Example 1: There was a competition where you needed to predict S&P in terms of whether it would go up or go down. The winning entry had a AUC (area under the ROC curve) of 0.999 out of 1. Since stock markets are pretty close to random, either someone’s very rich or there’s something wrong. There’s something wrong.
In the good old days you could win competitions this way, by finding the leakage.
Example 2: Amazon case study: big spenders. The target of this competition was to predict customers who spend a lot of money among customers using past purchases. The data consisted of transaction data in different categories. But a winning model identified that “Free Shipping = True” was an excellent predictor
What happened here? The point is that free shipping is an effect of big spending. But it’s not a good way to model big spending, because in particular it doesn’t work for new customers or for the future. Note: timestamps are weak here. The data that included “Free Shipping = True” was simultaneous with the sale, which is a no-no. We need to only use data from beforehand to predict the future.
Example 3: Again an online retailer, this time the target is predicting customers who buy jewelry. The data consists of transactions for different categories. A very successful model simply noted that if sum(revenue) = 0, then it predicts jewelry customers very well?
What happened here? The people preparing this data removed jewelry purchases, but only included people who bought something in the first place. So people who had sum(revenue) = 0 were people who only bought jewelry. The fact that you only got into the dataset if you bought something is weird: in particular, you wouldn’t be able to use this on customers before they finished their purchase. So the model wasn’t being trained on the right data to make the model useful. This is a sampling problem, and it’s common.
Example 4: This happened at IBM. The target was to predict companies who would be willing to buy “websphere” solutions. The data was transaction data + crawled potential company websites. The winning model showed that if the term “websphere” appeared on the company’s website, then they were great candidates for the product.
What happened? You can’t crawl the historical web, just today’s web.
Thought experiment
You’re trying to study who has breast cancer. The patient ID, which seemed innocent, actually has predictive power. What happened?
In the above image, red means cancerous, green means not. it’s plotted by patient ID. We see three or four distinct buckets of patient identifiers. It’s very predictive depending on the bucket. This is probably a consequence of using multiple databases, some of which correspond to sicker patients are more likely to be sick.
A student suggests: for the purposes of the contest they should have renumbered the patients and randomized.
Claudia: would that solve the problem? There could be other things in common as well.
A student remarks: The important issue could be to see the extent to which we can figure out which dataset a given patient came from based on things besides their ID.
Claudia: Think about this: what do we want these models for in the first place? How well can you predict cancer?
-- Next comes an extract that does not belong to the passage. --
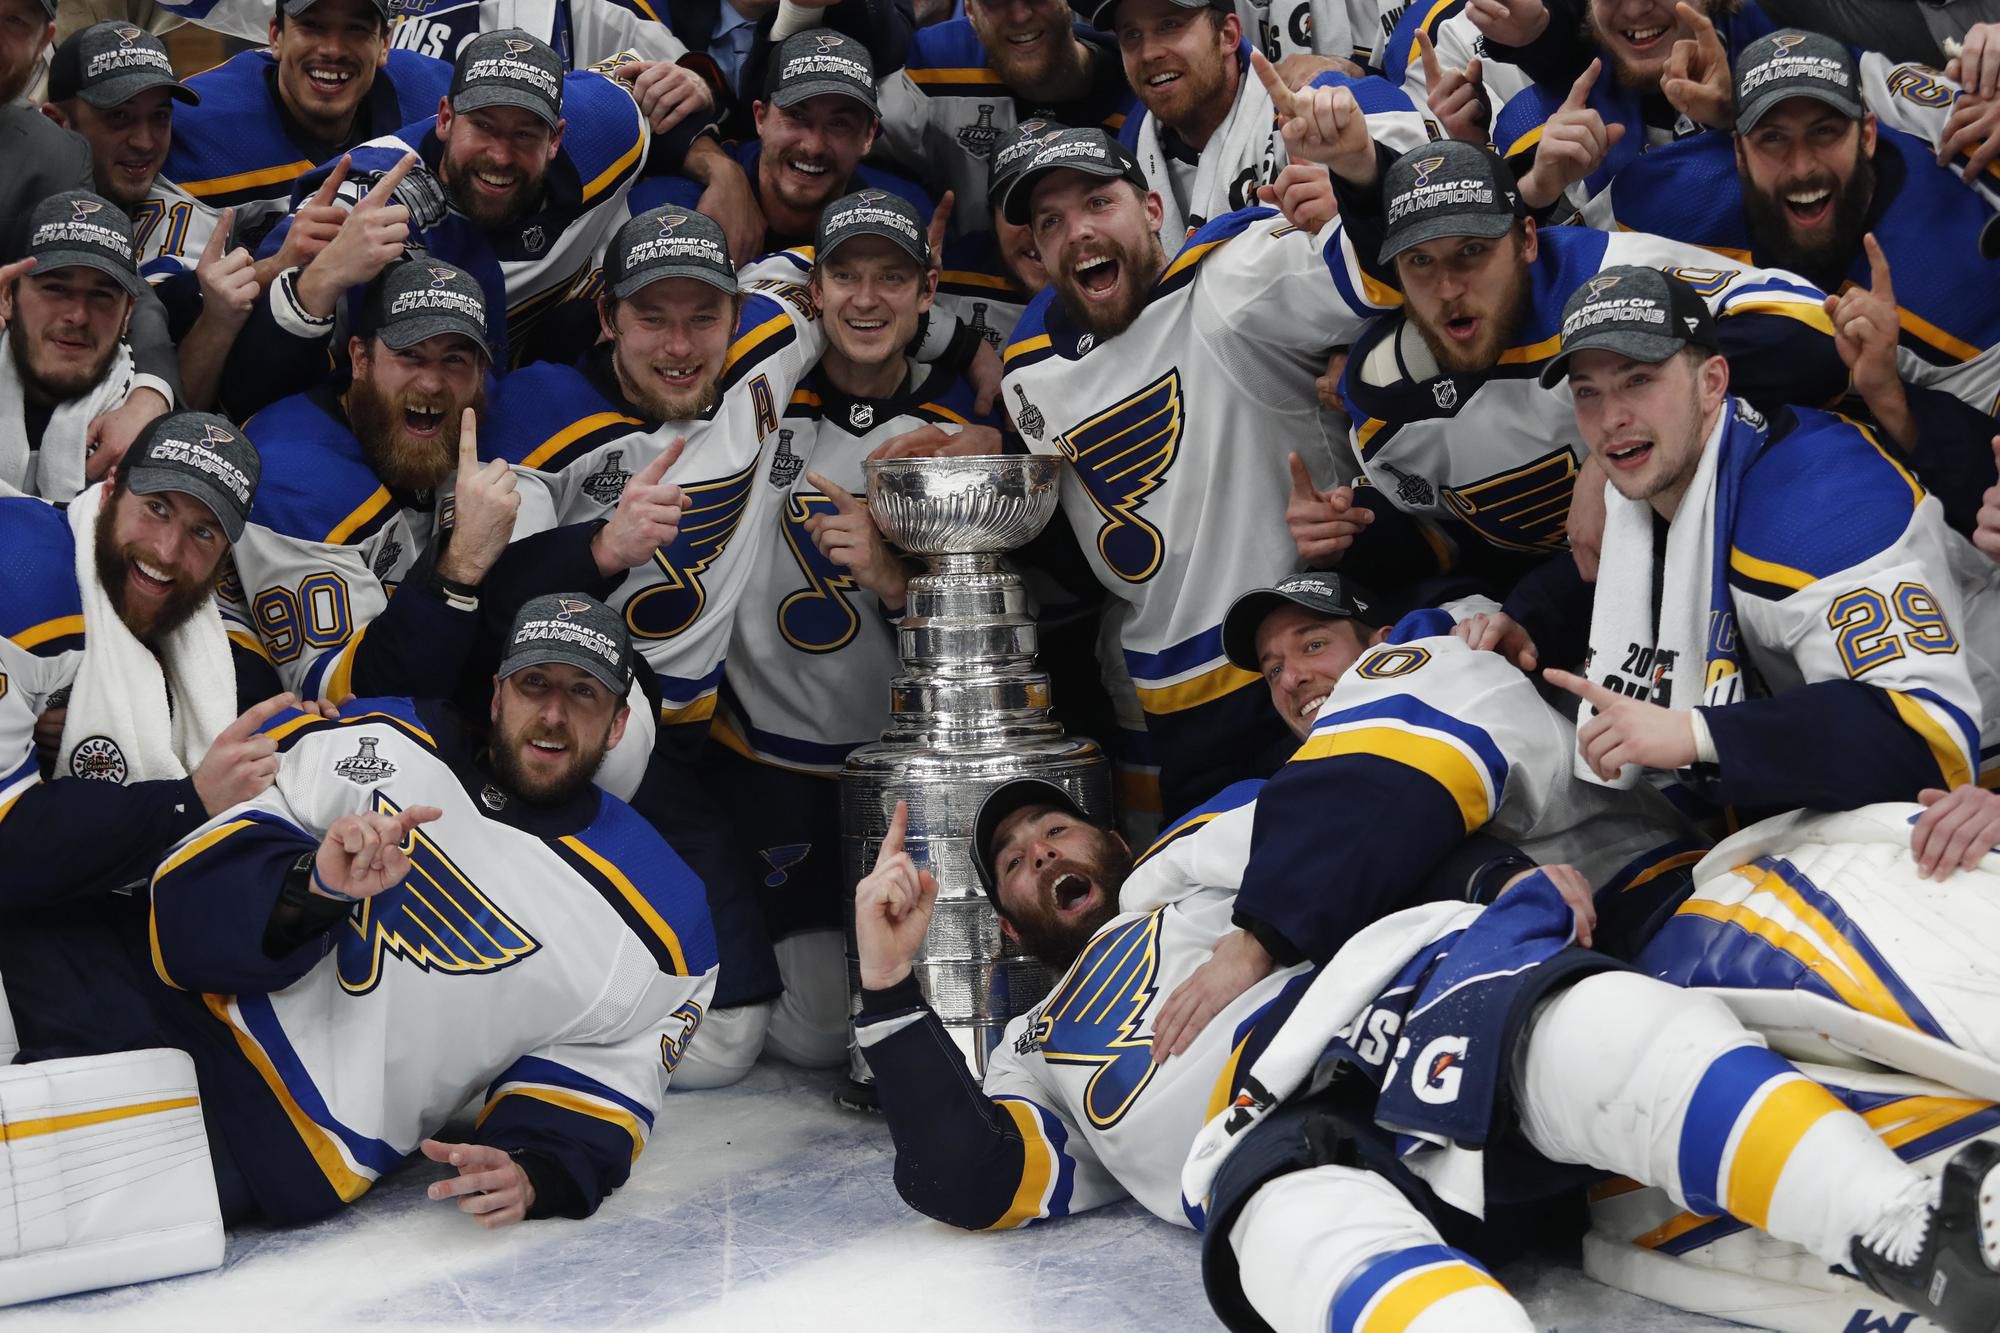 Hokejisti St. Louis sa tešia z historického víťazstva Stanley Cupu

Given a new patient, what would you do? If the new patient is in a fifth bin in terms of patient ID, then obviously don’t use the identifier model. But if it’s still in this scheme, then maybe that really is the best approach.
This discussion brings us back to the fundamental problem that we need to know what the purpose of the model is and how is it going to be used in order to decide how to do it and whether it’s working.
Pneumonia
During an INFORMS competition on pneumonia predictions in hospital records, where the goal was to predict whether a patient has pneumonia, a logistic regression which included the number of diagnosis codes as a numeric feature (AUC of 0.80) didn’t do as well as the one which included it as a categorical feature (0.90). What’s going on?
This had to do with how the person prepared the data for the competition:
The diagnosis code for pneumonia was 486. So the preparer removed that (and replaced it by a “-1”) if it showed up in the record (rows are different patients, columns are different diagnoses, there are max 4 diagnoses, “-1” means there’s nothing for that entry).
Moreover, to avoid telling holes in the data, the preparer moved the other diagnoses to the left if necessary, so that only “-1″‘s were on the right.
There are two problems with this:
- If the column has only “-1″‘s, then you know it started out with only pneumonia, and
- If the column has no “-1″‘s, you know there’s no pneumonia (unless there are actually 5 diagnoses, but that’s less common).
This was enough information to win the competition.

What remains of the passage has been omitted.